ACTIVITY: What is needed is an exact copy of the line where "2007 - IRLANDA" appears plus every later line in the material.
■ ■ ■
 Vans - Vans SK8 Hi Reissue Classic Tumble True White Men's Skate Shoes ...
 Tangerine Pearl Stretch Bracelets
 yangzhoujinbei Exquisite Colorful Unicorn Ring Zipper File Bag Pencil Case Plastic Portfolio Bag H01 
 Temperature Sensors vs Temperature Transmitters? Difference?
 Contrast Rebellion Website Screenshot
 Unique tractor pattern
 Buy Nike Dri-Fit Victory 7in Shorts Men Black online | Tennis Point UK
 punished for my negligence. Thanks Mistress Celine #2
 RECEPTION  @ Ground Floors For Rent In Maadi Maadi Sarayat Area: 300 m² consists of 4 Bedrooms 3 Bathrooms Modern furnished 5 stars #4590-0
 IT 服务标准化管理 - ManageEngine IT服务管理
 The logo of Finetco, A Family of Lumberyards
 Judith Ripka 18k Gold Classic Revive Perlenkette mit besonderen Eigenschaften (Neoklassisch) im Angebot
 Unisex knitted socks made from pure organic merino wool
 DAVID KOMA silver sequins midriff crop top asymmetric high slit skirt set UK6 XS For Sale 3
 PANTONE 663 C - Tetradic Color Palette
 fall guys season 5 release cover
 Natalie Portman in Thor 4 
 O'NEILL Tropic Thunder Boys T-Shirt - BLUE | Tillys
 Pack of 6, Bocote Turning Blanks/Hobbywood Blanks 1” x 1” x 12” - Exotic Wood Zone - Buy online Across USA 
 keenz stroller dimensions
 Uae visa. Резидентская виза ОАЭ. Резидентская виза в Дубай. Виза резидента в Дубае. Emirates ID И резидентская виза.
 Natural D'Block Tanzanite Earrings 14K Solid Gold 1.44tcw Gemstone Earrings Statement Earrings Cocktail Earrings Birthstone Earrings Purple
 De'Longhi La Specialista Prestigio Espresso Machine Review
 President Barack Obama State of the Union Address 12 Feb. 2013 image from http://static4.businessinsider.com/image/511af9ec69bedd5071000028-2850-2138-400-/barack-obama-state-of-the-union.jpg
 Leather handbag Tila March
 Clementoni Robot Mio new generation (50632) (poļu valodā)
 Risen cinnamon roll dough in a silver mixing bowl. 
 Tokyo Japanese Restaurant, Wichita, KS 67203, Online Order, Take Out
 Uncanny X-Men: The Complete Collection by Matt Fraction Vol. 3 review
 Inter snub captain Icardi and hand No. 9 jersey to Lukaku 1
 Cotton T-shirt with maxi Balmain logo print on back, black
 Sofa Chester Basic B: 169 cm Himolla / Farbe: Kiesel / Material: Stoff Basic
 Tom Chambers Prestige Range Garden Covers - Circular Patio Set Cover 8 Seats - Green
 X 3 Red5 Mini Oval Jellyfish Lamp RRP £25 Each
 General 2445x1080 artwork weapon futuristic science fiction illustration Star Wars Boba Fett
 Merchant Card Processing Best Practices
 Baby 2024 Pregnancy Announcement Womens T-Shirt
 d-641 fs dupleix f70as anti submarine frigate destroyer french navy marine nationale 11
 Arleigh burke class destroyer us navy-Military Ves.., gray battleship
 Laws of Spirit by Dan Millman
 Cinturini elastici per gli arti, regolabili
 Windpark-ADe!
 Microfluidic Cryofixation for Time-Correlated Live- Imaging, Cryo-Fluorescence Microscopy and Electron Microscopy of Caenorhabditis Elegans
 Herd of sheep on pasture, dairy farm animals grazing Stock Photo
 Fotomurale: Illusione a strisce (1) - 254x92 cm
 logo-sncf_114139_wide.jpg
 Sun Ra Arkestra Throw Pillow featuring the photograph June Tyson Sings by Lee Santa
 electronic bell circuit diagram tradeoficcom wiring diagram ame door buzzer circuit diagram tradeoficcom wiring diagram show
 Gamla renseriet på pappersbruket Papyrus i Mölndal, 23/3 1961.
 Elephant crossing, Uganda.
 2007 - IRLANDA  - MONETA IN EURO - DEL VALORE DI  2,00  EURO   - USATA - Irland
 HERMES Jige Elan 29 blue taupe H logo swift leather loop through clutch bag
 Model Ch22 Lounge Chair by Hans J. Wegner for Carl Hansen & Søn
■ ■ ■
RESPONSE BOX:
 2007 - IRLANDA  - MONETA IN EURO - DEL VALORE DI  2,00  EURO   - USATA - Irland
 HERMES Jige Elan 29 blue taupe H logo swift leather loop through clutch bag
 Model Ch22 Lounge Chair by Hans J. Wegner for Carl Hansen & Søn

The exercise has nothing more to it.